**EXERCISE DETAILS:** Quote the entries below from the line with "Aerial view of" through the line with "Continuing further up Fushimi Inari Taisha", both ends included, and only those lines.

**RECORDS FOR THIS EXERCISE:**

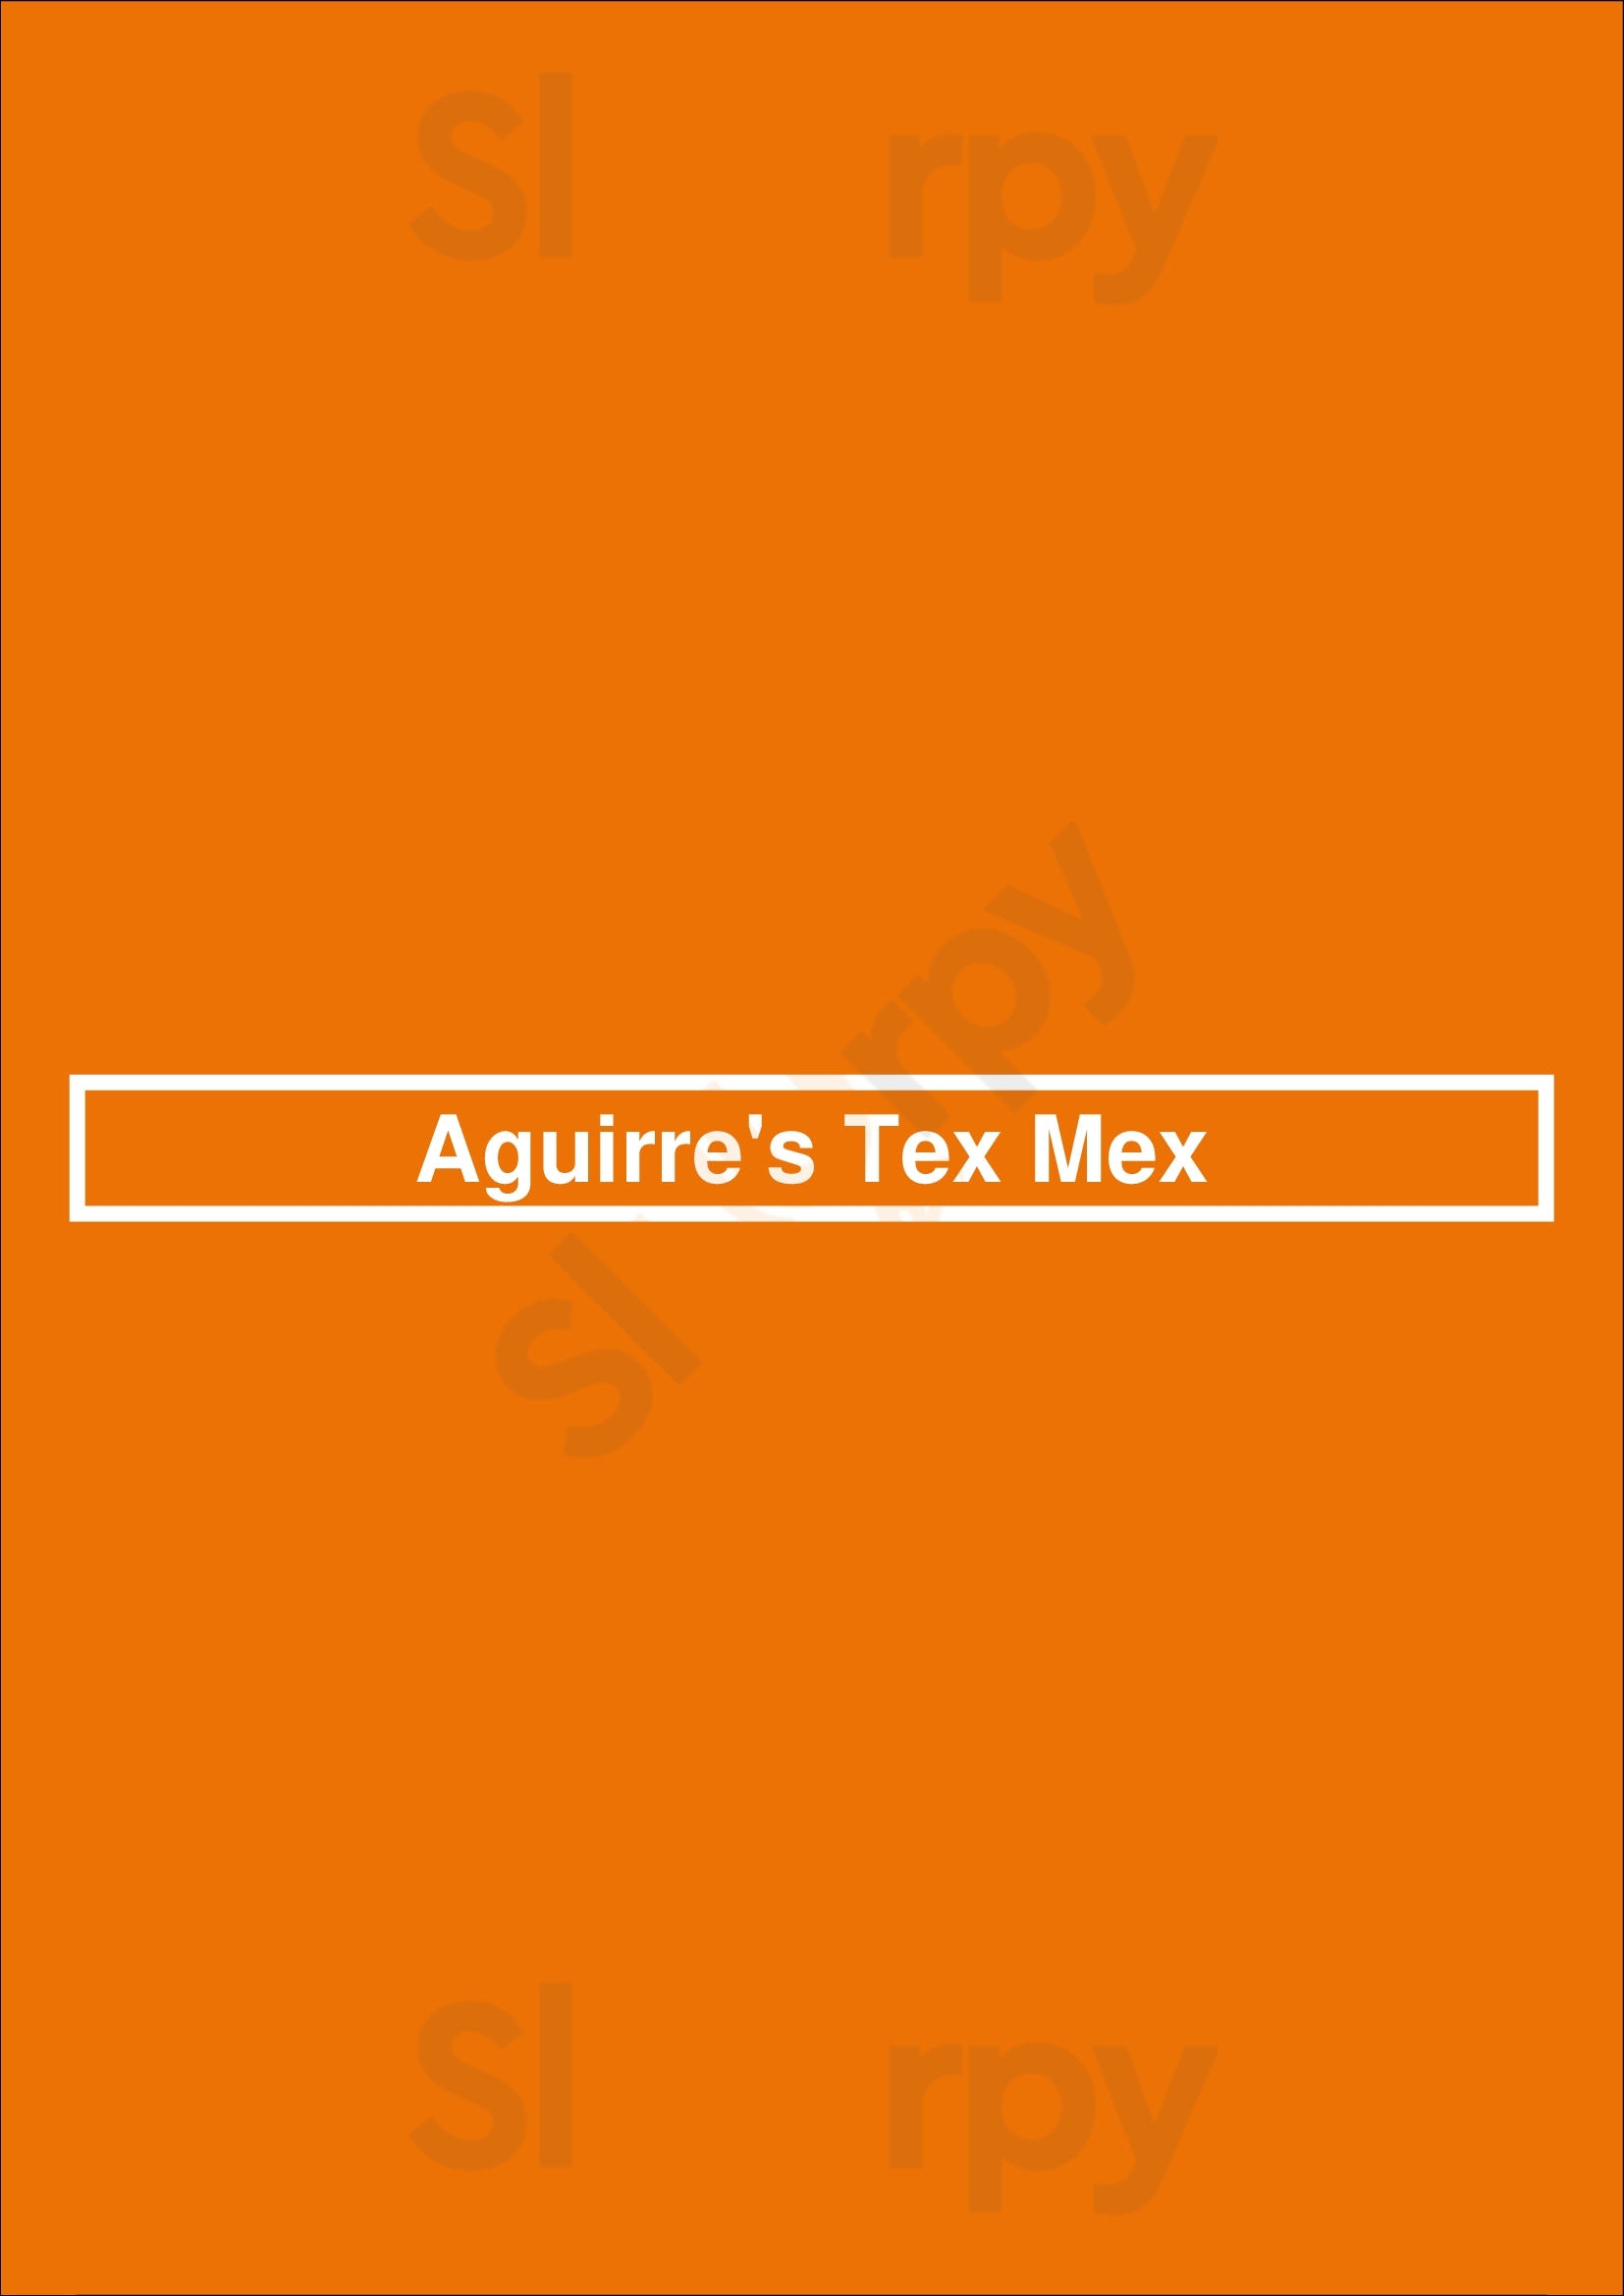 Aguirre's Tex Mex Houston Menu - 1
---
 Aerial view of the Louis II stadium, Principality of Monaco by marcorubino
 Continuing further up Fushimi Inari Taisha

**RESULT OF THIS TASK:**
 Aerial view of the Louis II stadium, Principality of Monaco by marcorubino
 Continuing further up Fushimi Inari Taisha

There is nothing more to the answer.